I think it's fair to say that parts of tonight's rehearsal were crevulating.

Actually the only section that I feel earned this title was, (I am sure readers will not be surprised by this) the dance scene. I found it even more exhausting and exasperating than I did last night. And one of the many, many reasons I felt such was that I kept missing a cue to enter, and being called out for it. Because we have no full music yet, (and because without much more practice I am not really good at counting 24 measures in my head while trying to perform), the choreographer had given me a visual cue off of which to time my entrance.

After about 5 tries, she finally told me that she had removed the cue I had been using from the dance, and I wouldn't be able to use it anymore. "I just hadn't told you yet," she confessed, much to my disappointment an irritation.

Add to that an insistence that she is going to add even more to this confusing dance ("It will be so easy, even people who can't dance will be able to slip it right in!"), as well as clear proof that none of us have even mastered the first several versions of this dance yet, and you can see why I have begun to lose patience with the entire scene. The entire five minute scene which altogether has accounted for about half of all our total rehearsal time.

So, I won't even bother to mention much about the scene, really. I feel the choreographer cares little for how the actors are struggling with the constantly changing piece. I would prefer we practice the same dance two nights in a row, but we have not done so, given the changes. And with two week left, I fear we will not be able to do so in time. I admit to being somewhat concerned about this section now. And from my view, the choreographer has not indicated that she is at all concerned about how the comfort level of the actors.

Therefore I will move on to the acting portions of tonight's practice.

I very much appreciated the director's desire to make use of our rehearsal time early on.
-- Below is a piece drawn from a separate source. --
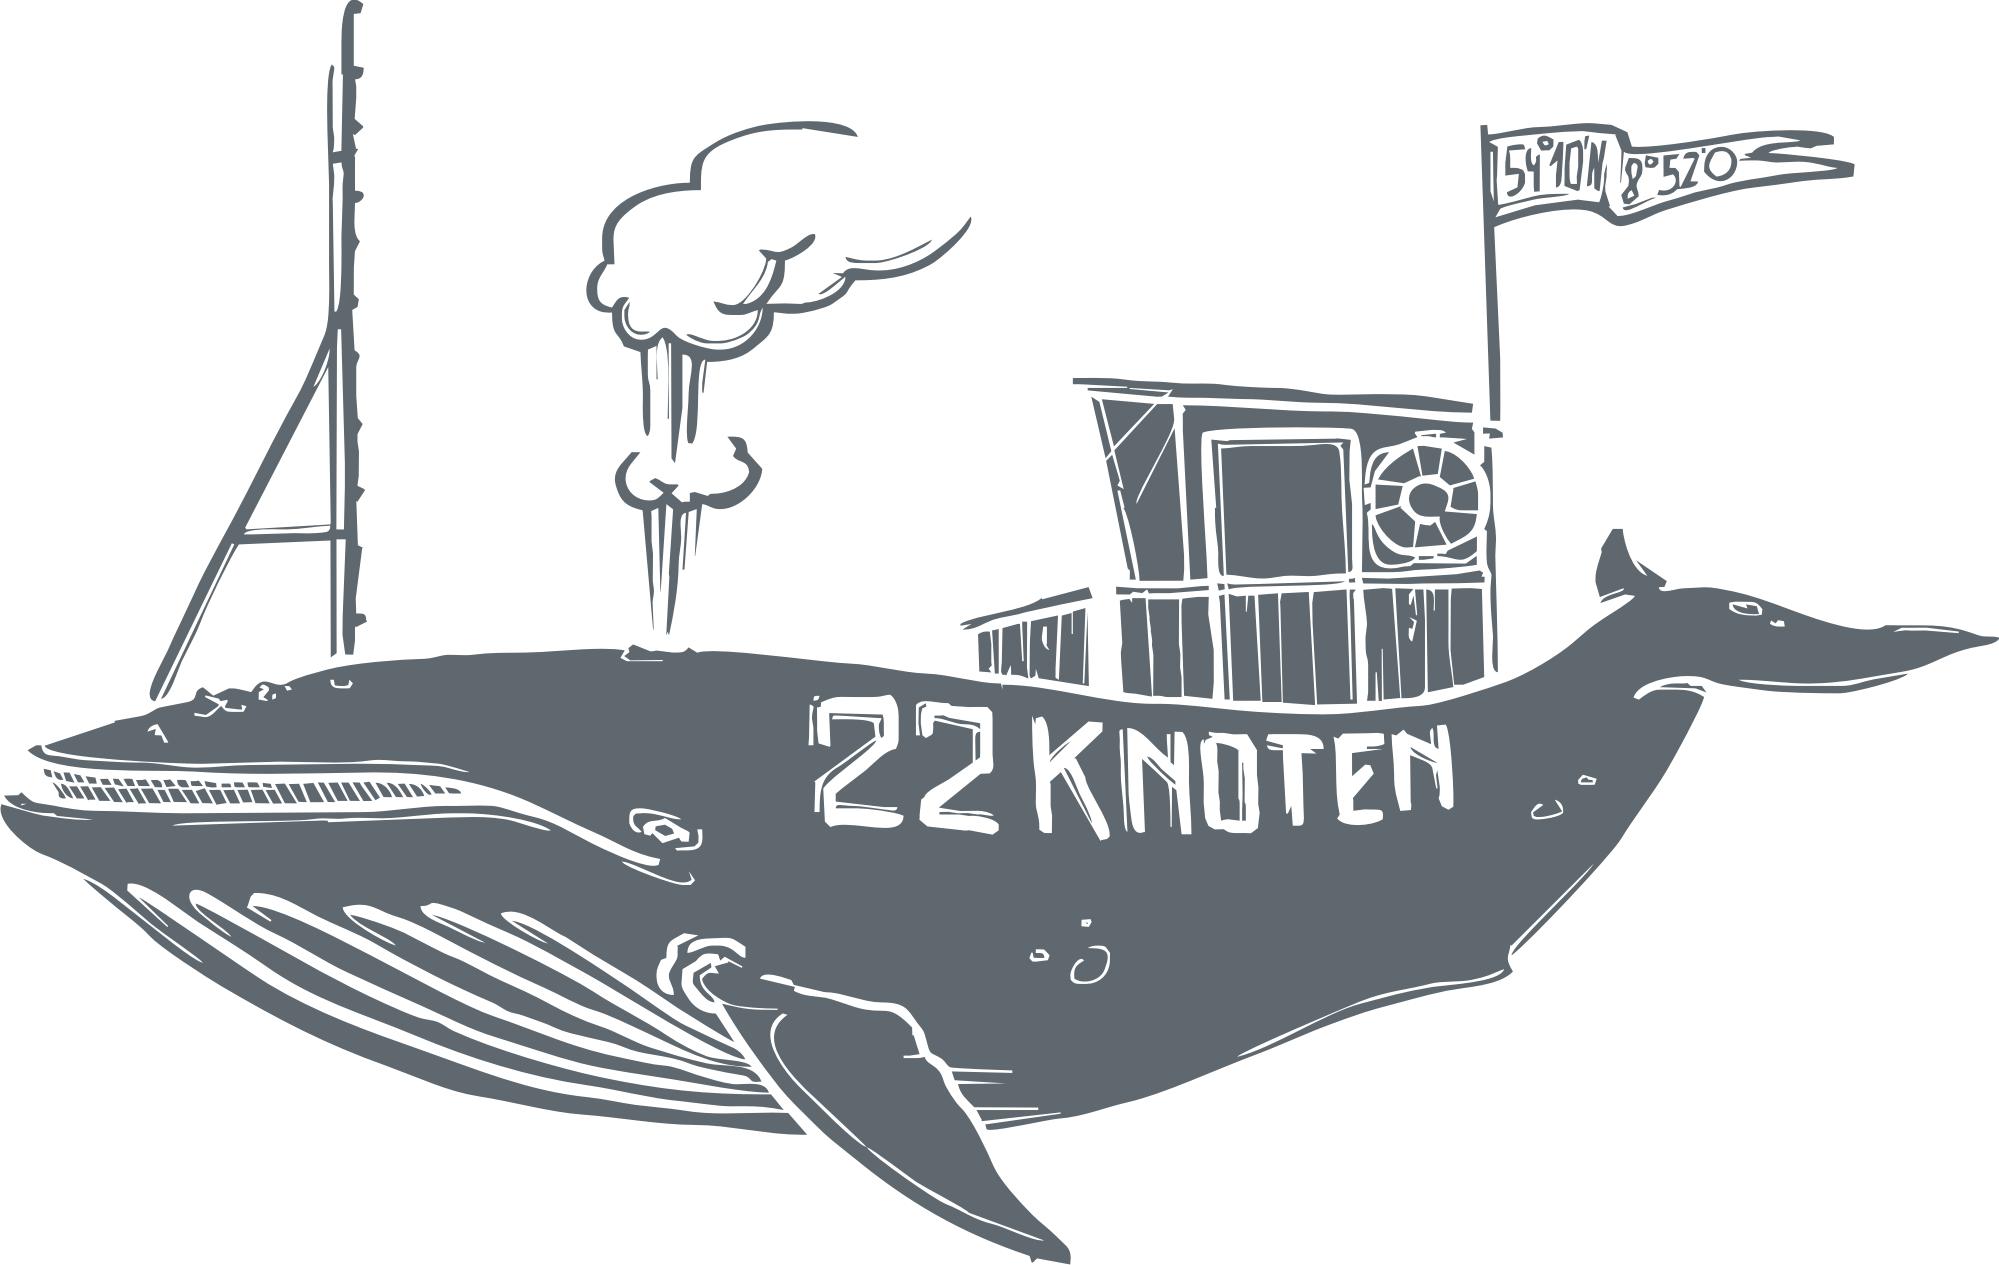 Maritim,modern & Stylisch mit 22Knoten Preisgarantie!Prize guarantee!
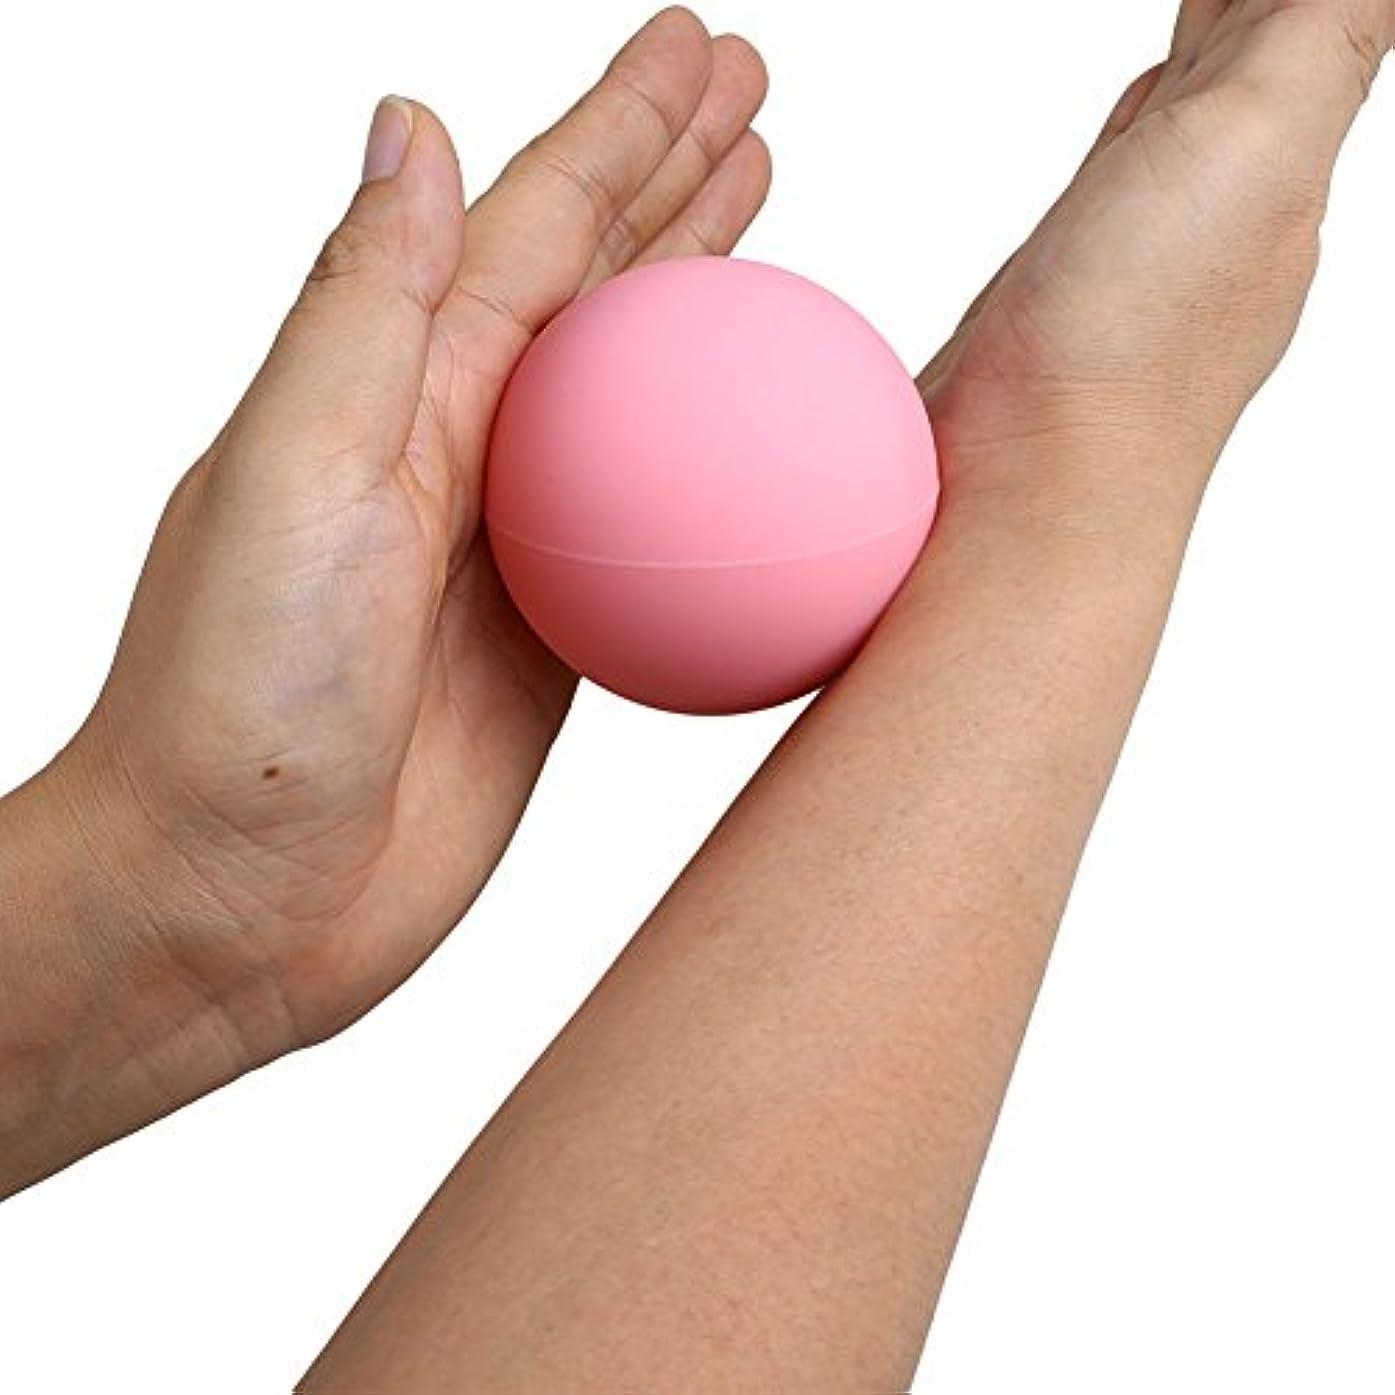 ワイド詩驚きAuntwhale ラクロスマッサージボール 毎日のためにジムヨガ 筋筋膜トリガーポイント リリース

Due to several reasons we once again had a few people missing at the start of the evening, but the entire cast for "Mr. Preble Get Tries to Get Rid of His Wife" was present, while the choreographer was not.(Yet.) So amidst much background noise and extra work being done on stage, we ran that piece. It was time spent well, but the ironic part of it all is that "Preble" is probably the single smoothest and most developed of my scenes right now. We probably didn't need the extra work, but it was satisfying to know that the director thought our time was important enough to run it while we waited.

Once, that, and the lumbering dance hour were completed, we ran through each skit of Act One, in order, for the very first time. Not at the speed in which we will hopefully run it come opening night, but it was the first chance we had to do everything in the act in one evening, despite note having a full cast.

Act One is also where I have the easier stuff to do out of all my skits. My bigger challenges are in Act Two.

At the end of the rehearsal the director reminded us of how little time there is left to rehearse, (only eight or nine separate rehearsals on tap, though she may have to add more, she cautioned.) She explained how much work we still needed to do to get to where we belonged. She declared scripts on stage to be officially forbidden henceforth, and encouraged everybody too look carefully over their lines this weekend. This was gratifying to me, because it showed that the director and the cast are on the same page. (Which is far from a guarantee in any given show.) We all know we have some major obstacles to climb in the next two weeks, even aside from the dance.But we all want to climb them. And if we all make the best use of our time, we can still do so.

Though to hammer the point home further, the director told us to consider every rehearsal "sacred" from now on, and to attend each of them unless there is absolutely know way around missing them. I like that term: sacred. I always try to treat my rehearsals as such. I'm not perfect and certain things can dull my motivation, but hearing that tonight convinced me that my efforts in the non-dancing parts of this show will not be wasted.